In 1985, Baker et. al. showed how an external magnetic field could be used to stimulate both nerve and brain tissue. Since its introduction, in ensuing decades, TMS has proved to be an important tool in neurobiology. The underlying principle is one straight from fundamental physics — a changing magnetic field will induce a current in a nearby conductor and its rate of change will determine the strength of induced current.
Delivering these magnetic (single or evenly spaced) pulses to the cranium (skull) can therefore be used to selectively activate or deactivate specific brain regions or neuronal tissue. Interestingly, on the one hand, this feature of selective stimulation of specific brain regions using TMS has allowed researchers to study brain function and, on the other hand, treat neuropsychiatric disorders — particularly depression.
Addiction messes with reward pathways of the brain. Also, in drug-seeking behaviour, a part of the signaling pathway in the brain that tells one to stop, malfunctions. In 2013, a study published in Nature by Antonello Bonci’s lab revealed how targeted stimulation of the prefrontal cortex, in-vivo using optogenetics, decreased drug-seeking behavior in cocaine-addicted rats with few side-effects on non-compulsive reward-related behaviours.
Simply put: could repeated stimulation of the prefrontal cortex bring damaged neural pathways back to life, and stop intense drug cravings in humans without debilitating side-effects? Could relapse be history? Yes or no, at the very least, it was worth a shot.
That TMS would be a pragmatic approach to treat human patients over optogenetics was quickly realised by Luigi Gallimberti in Padua, Italy. Three years later, in collaboration with the Bonci Lab, they published their first preliminary study showing the reduction of cocaine craving behavior following stimulation of the prefrontal cortex using TMS.
It had its limitations, as the authors noted: “Study limitations need to be acknowledged, in particular: the small sample, the open-label design, the lack of urine drug screen for benzodiazepines, and the short duration of treatment”.
But the study has significant merit, as readily acknowledged by the authors: “In fact, this is the first clinical report indicating that rTMS treatment resulted in significant reduction in cocaine use. As such, this study holds critical clinical importance. While reduction in craving is important; cocaine abstinence represents the most critical achievement goal from a clinical standpoint.”
A promising future
Two years on from the first clinical study, where do we stand?
A review published in May 2018 evaluates the current standing of TMS vis-à-vis the treatment of drug-seeking behaviour. Since the publication of the first clinical study in 2016, only five other studies have been published. It is striking that all of them have low n numbers resulting in overall weak statistics. Another major drawback is the lack of a standardised treatment protocol.
Despite these problems, there is evidence that people have benefited from TMS treatment.
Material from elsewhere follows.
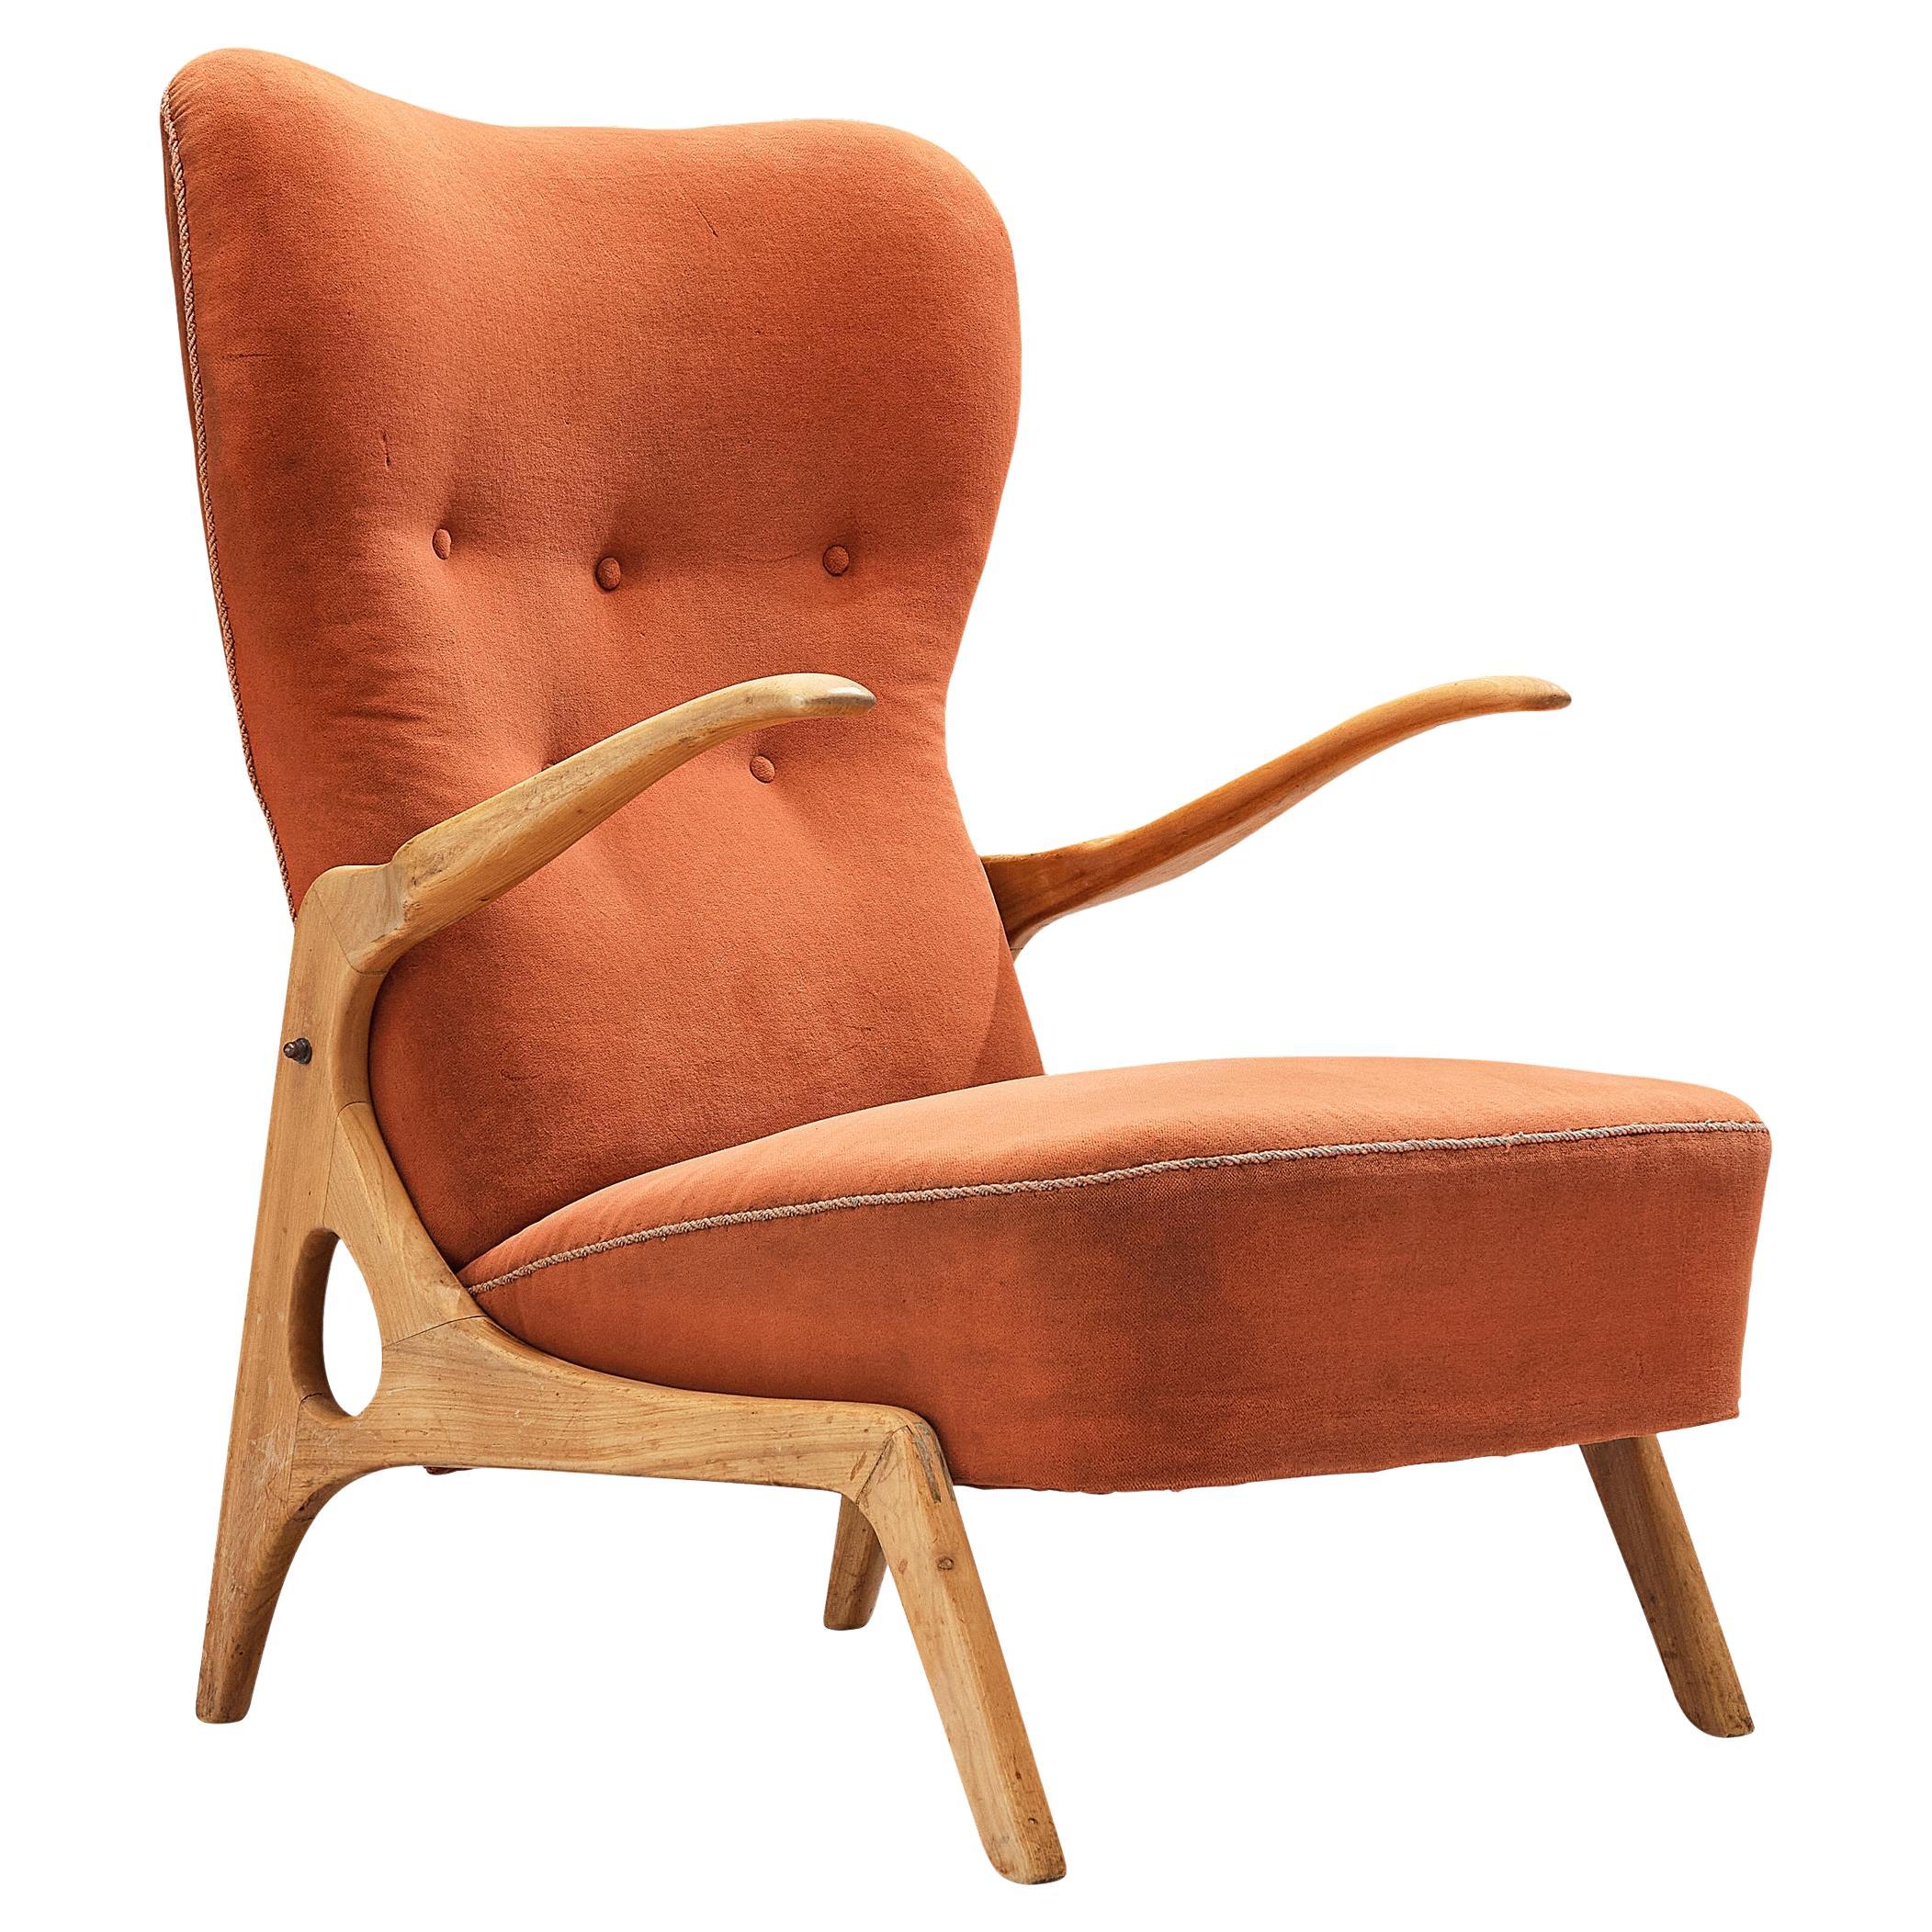 Italian Sculptural Lounge Chair in Cherry

Of course, more concrete work needs to be done to pass a verdict on TMS and its efficacy for treatment of cocaine addiction. Higher n’s and a consistent research methodology would be good or else studies will remain easily dismissible in both serious and casual discussions. Scientists working in the field need to tidy up for concrete and decisive conclusions to be reached.
But all of one’s statistical concerns should not let one forget that real people benefit from these treatments. There is a very real possibility that someone somewhere may get their life back from the grips of addiction. A poignant account of recovery from cocaine addiction through TMS treatment is recounted in this National Geographic article.
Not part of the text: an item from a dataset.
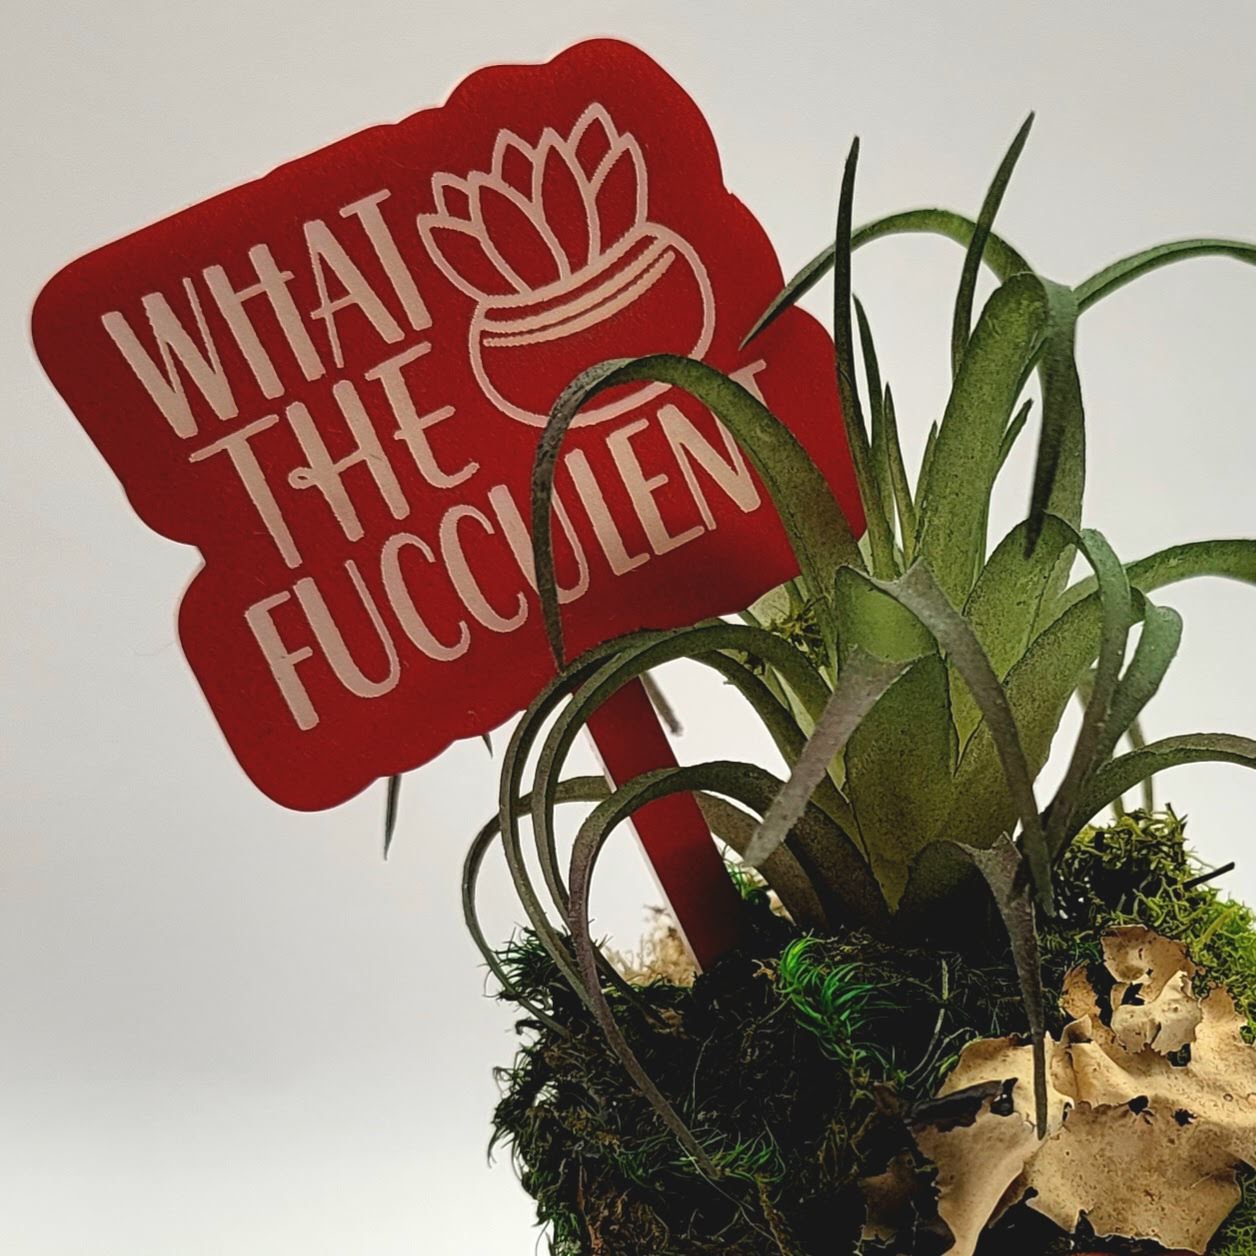 What the Fucculent! Funny Plant Stake

Addiction is a complicated and prevalent disease and every one of us is vulnerable. This complexity and severity means more work needs to be done to understand root biological mechanisms and develop treatment approaches. Though it would be premature to declare TMS a success for treatment, the technique does show promise.
Perhaps, one day, relapse will be history.
With millions of lives on the line, it’s a battle worth fighting for.